As noted, GPT Radar provided inspiration for breaking the AI detection tools used in this experiment, and it remains correct in assuming this is AI-generated content. However, its analysis is conflicting. Coming in at 52% accuracy, we tipped the scales closer toward this tool believing the copy was human-written.

It’s interesting that at least one tool, GPT Radar, predicted that an AI wrote this convoluted content. However, that same tool actually hinders itself by providing too much information in its analysis. It highlights specific words that it believes were written by a human, which allows for simple adjustments to completely thwart its score.

Conclusion

We didn’t completely fool all of the detection tools in this experiment, but we came close (a mere 2% margin of error). As we use these detection tools more to help them adapt, this margin of error will surely reduce. However, the more society uses ChatGPT, the more these detection tools have to adapt. It’s impossible to say whether or not they will keep pace, but we do know that other tools are already obsolete after the improvements of OpenAI’s ChatGPT. 

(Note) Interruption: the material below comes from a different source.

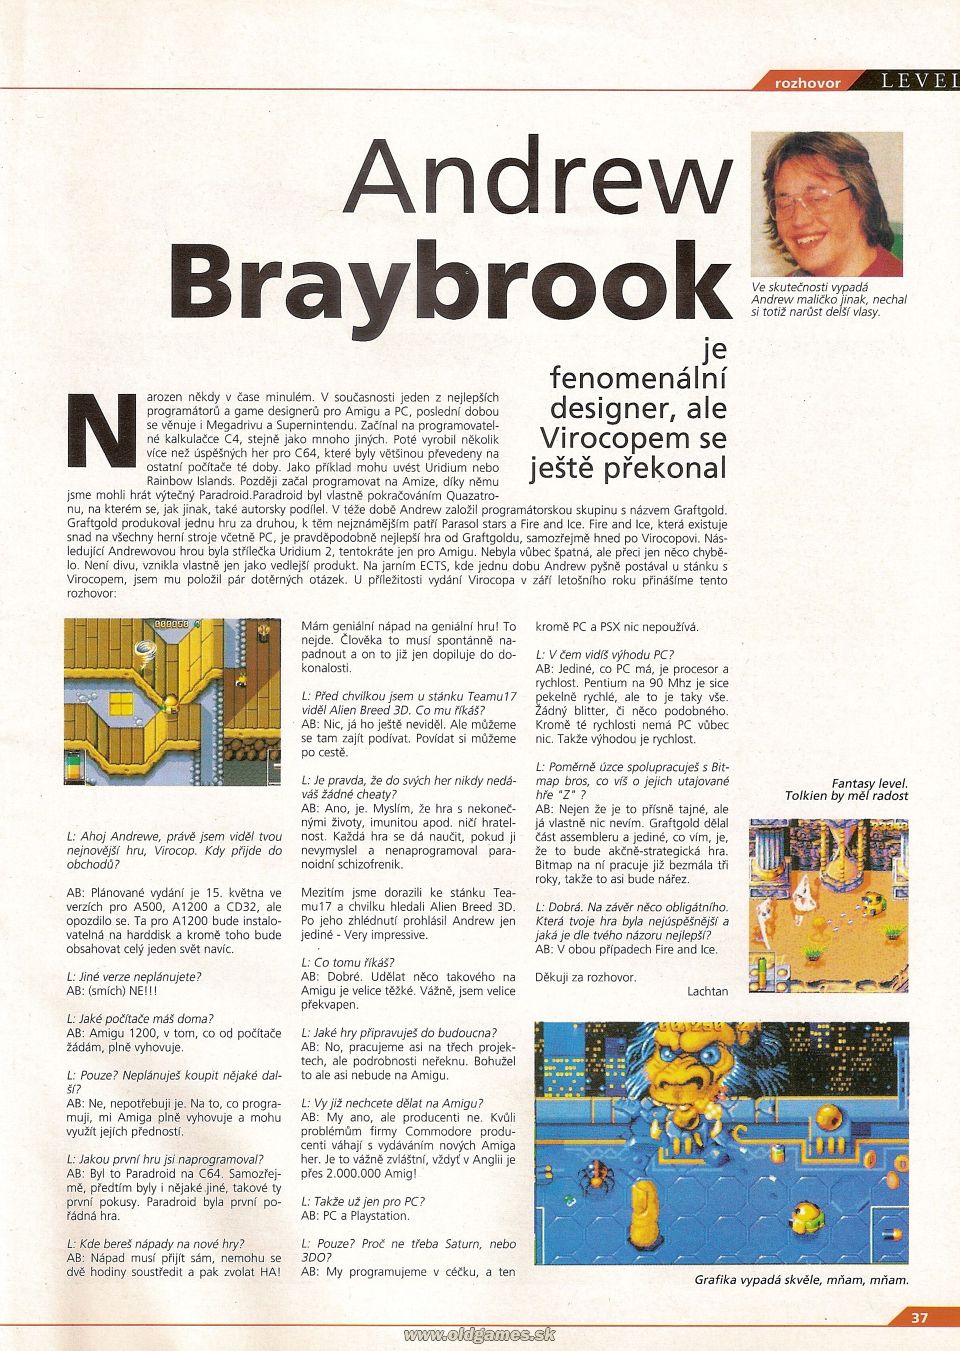 Interview: Andrew Braybrook

In case we haven’t been clear with our intentions behind this anecdotal experiment: we don’t recommend using these methods to create content for any page or site you hope to help gain prominence in Google’s SERPs. Attempts to gain search visibility by publishing large amounts of “scalable content” have proven dangerous in the past, and it’s a fair guess to assume Google will find a method of cracking down on low-effort, high-output AI-generated content (most likely on a site-wide level) in order to combat this “bad actor” behavior in the near future. Yet we do find ourselves at an interesting crossroads where the AI generation appears to be outpacing AI detection, at least for today — and what happens tomorrow is truly anyone’s very exciting guess.